Introduction
Retryable is an easy to use DSL to retry code if an exception is raised. This is especially useful when interacting with unreliable services that fail randomly.
Installation
gem install retryable-rb
# In your ruby application
require 'retryable'
Using Retryable
Code wrapped in a Retryable block will be retried if a failure occurs. As such, code attempted once, will be retried again for another attempt if it fails to run.
# Include Retryable into your class
class Api
include Retryable
# Use it in methods that interact with unreliable services
def get
retryable do
# code here...
end
end
end
By default, Retryable will rescue any exception inherited from Exception
, retry once (for a total of two attempts) and sleep for a random amount time (between 0 to 100 milliseconds, in 10 millisecond increments). You can choose additional options by passing them via an options Hash
.
retryable :on => Timeout::Error, :times => 3, :sleep => 1 do
# code here...
end
This example will only retry on a Timeout::Error
, retry 3 times (for a total of 4 attempts) and sleep for a full second before each retry.
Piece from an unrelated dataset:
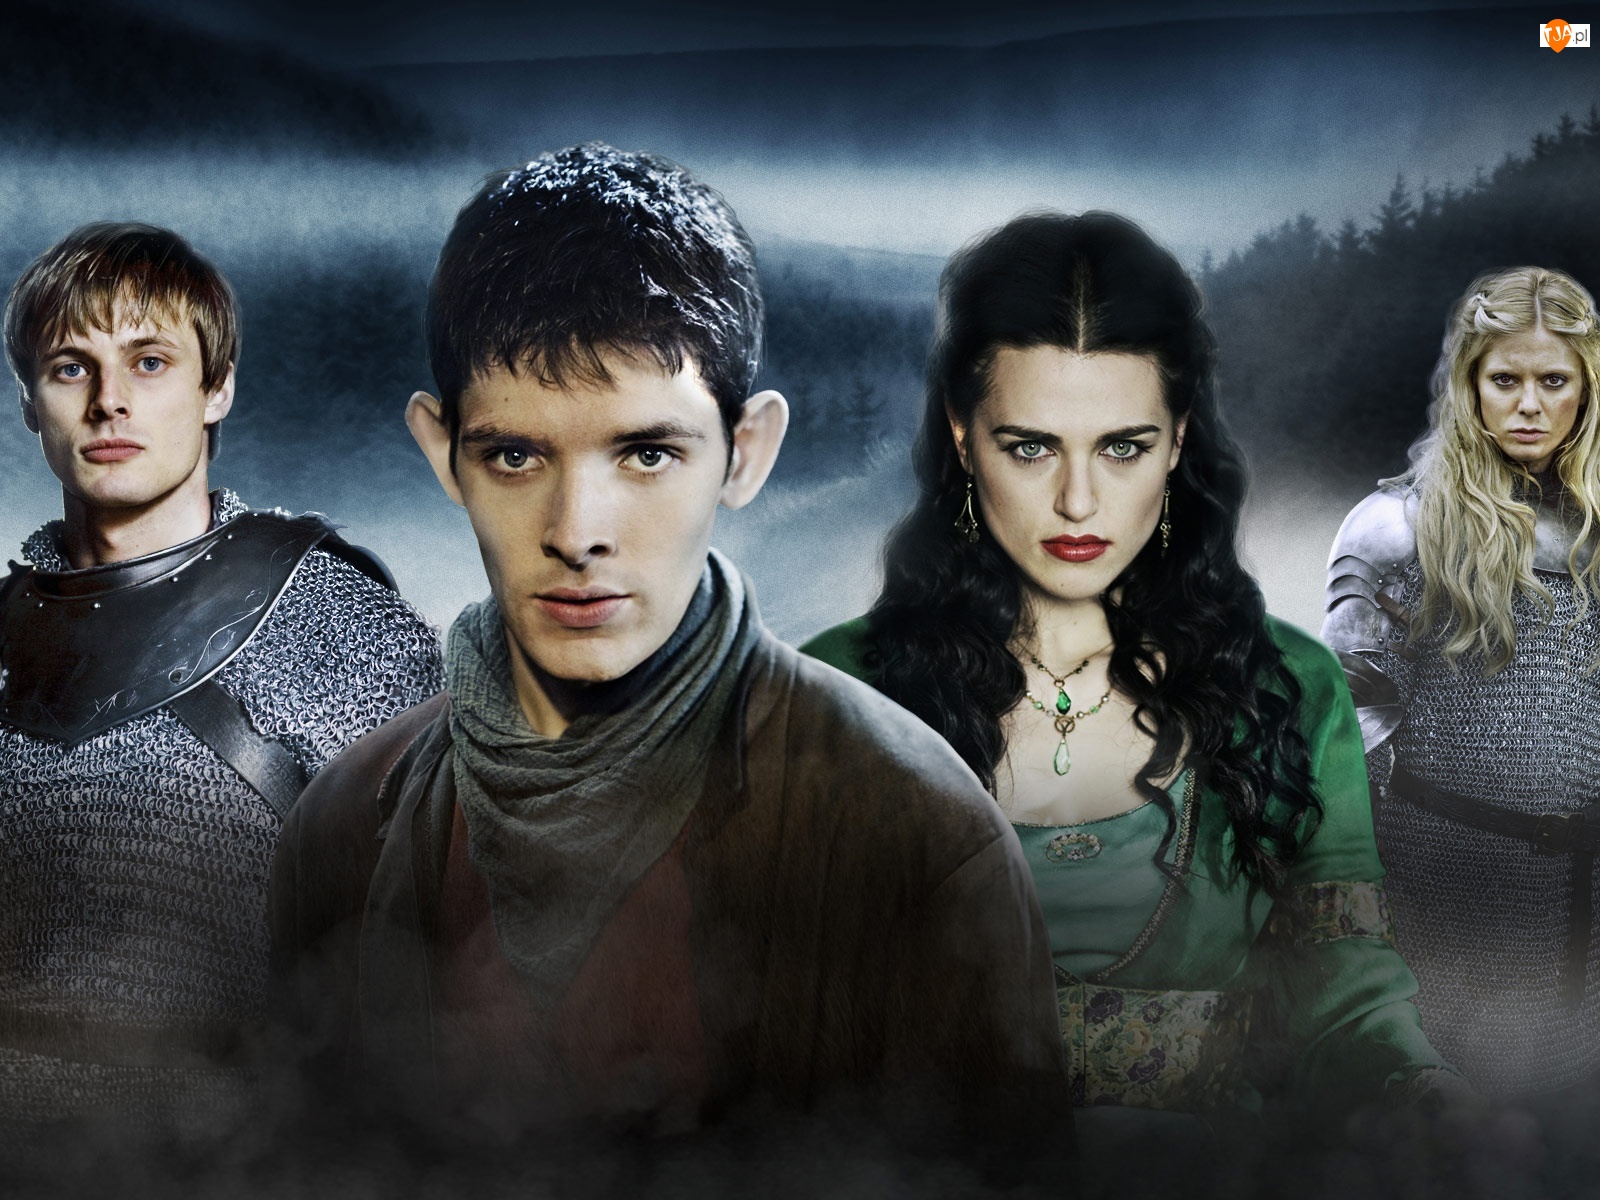 The Adventures of Merlin, Przygody Merlina, Morgana - Katie McGrath, Morgose - Emilia Fox, Merlin - Colin Morgan, Arthur - Bradley James

You can also specify multiple errors to retry on by passing an array.
retryable :on => [Timeout::Error, Errno::ECONNRESET] do
# code here...
end
You can also have Ruby retry immediately after a failure by passing false
as the sleep option.
retryable :sleep => false do
# code here...
end
Retryable also allows for callbacks to be defined, which is useful to log failures for analytics purposes or cleanup after repeated failures. Retryable has three types of callbacks: then
, finally
, and always
.
then
: Run every time a failure occurs.
finally
: Run when the number of retries runs out.
always
: Run when the code wrapped in a Retryable block passes or when the number of retries runs out.
The then
and finally
callbacks pass the exception raised, which can be used for logging or error control. All three callbacks also have a handler
, which provides an interface to pass data between the code wrapped in the Retryable block and the callbacks defined.
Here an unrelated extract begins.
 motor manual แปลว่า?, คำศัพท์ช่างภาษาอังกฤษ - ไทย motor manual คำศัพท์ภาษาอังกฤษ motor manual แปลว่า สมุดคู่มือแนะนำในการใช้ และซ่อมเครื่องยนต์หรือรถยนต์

Furthermore, each callback provides the number of attempts
, retries
and times
that the wrapped code should be retried. As these are specified in a Proc
, unnecessary variables can be left out of the parameter list.
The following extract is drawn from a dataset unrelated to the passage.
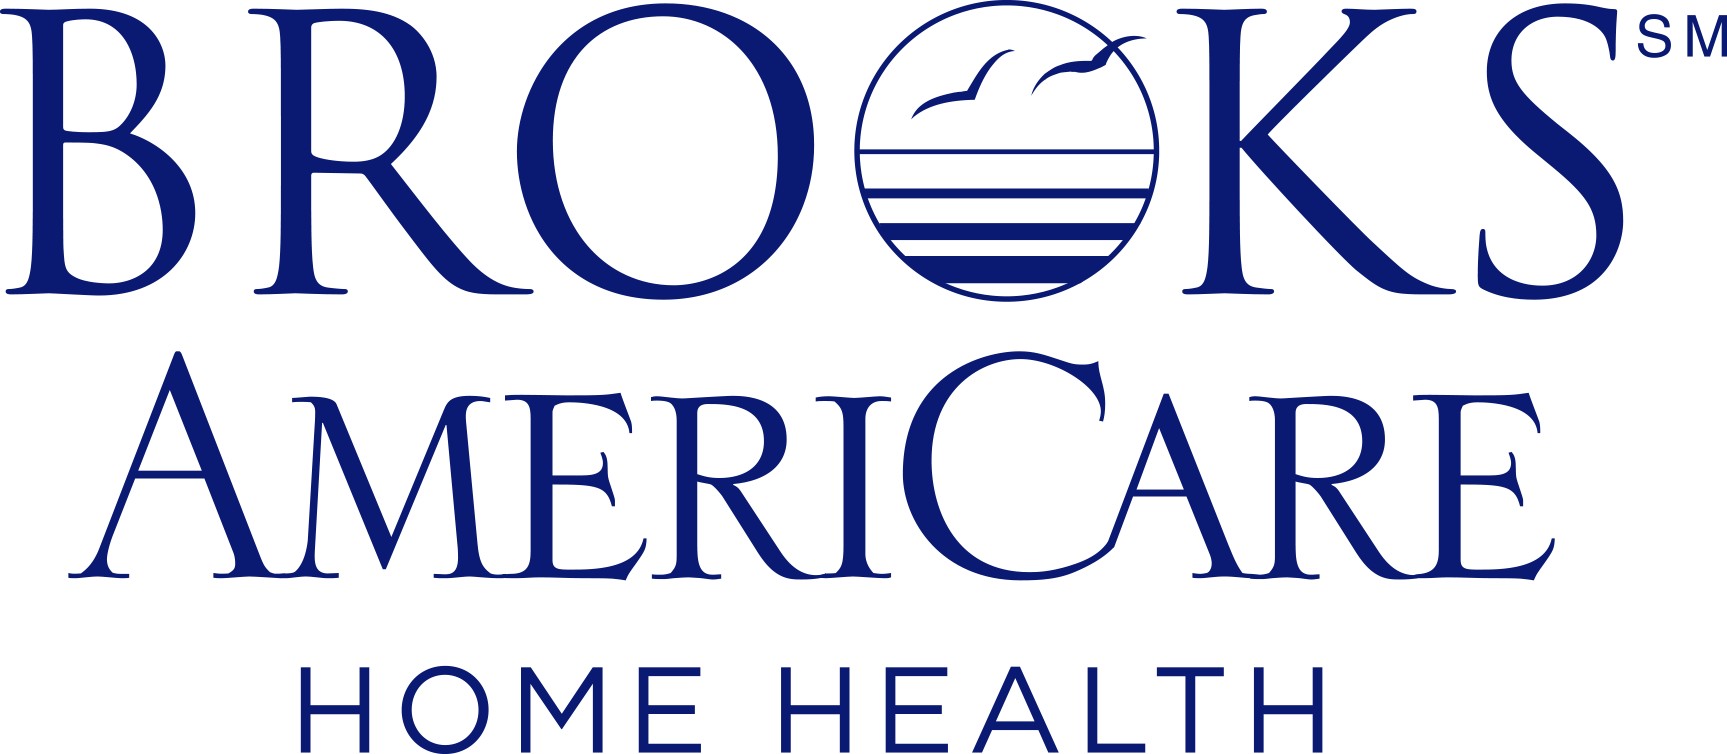 Brooks Americare Home Health Linkedin

then_cb = Proc.new do |exception, handler, attempts, retries, times|
log "#{exception.class}: '#{exception.message}' - #{attempts} attempts, #{retries} out of #{times} retries left."}
end
finally_cb = Proc.new do |exception, handler|
log "#{exception.class} raised too many times. First attempt at #{handler[:start]} and final attempt at #{Time.now}"
end
always_cb = Proc.new do |handler, attempts|
log "total time for #{attempts} attempts: #{Time.now - handler[:start]}"
end
retryable :then => then_cb, :finally => finally_cb, :always => always_cb do |handler|
handler[:start] ||= Time.now
# code here...
end
If you are using Retryable once or outside of a class, you can also use it via its module method as well.
Retryable.retryable do
# code here...
end
Credits
Retryable was inspired by code written by Michael Celona and later assisted by David Malin.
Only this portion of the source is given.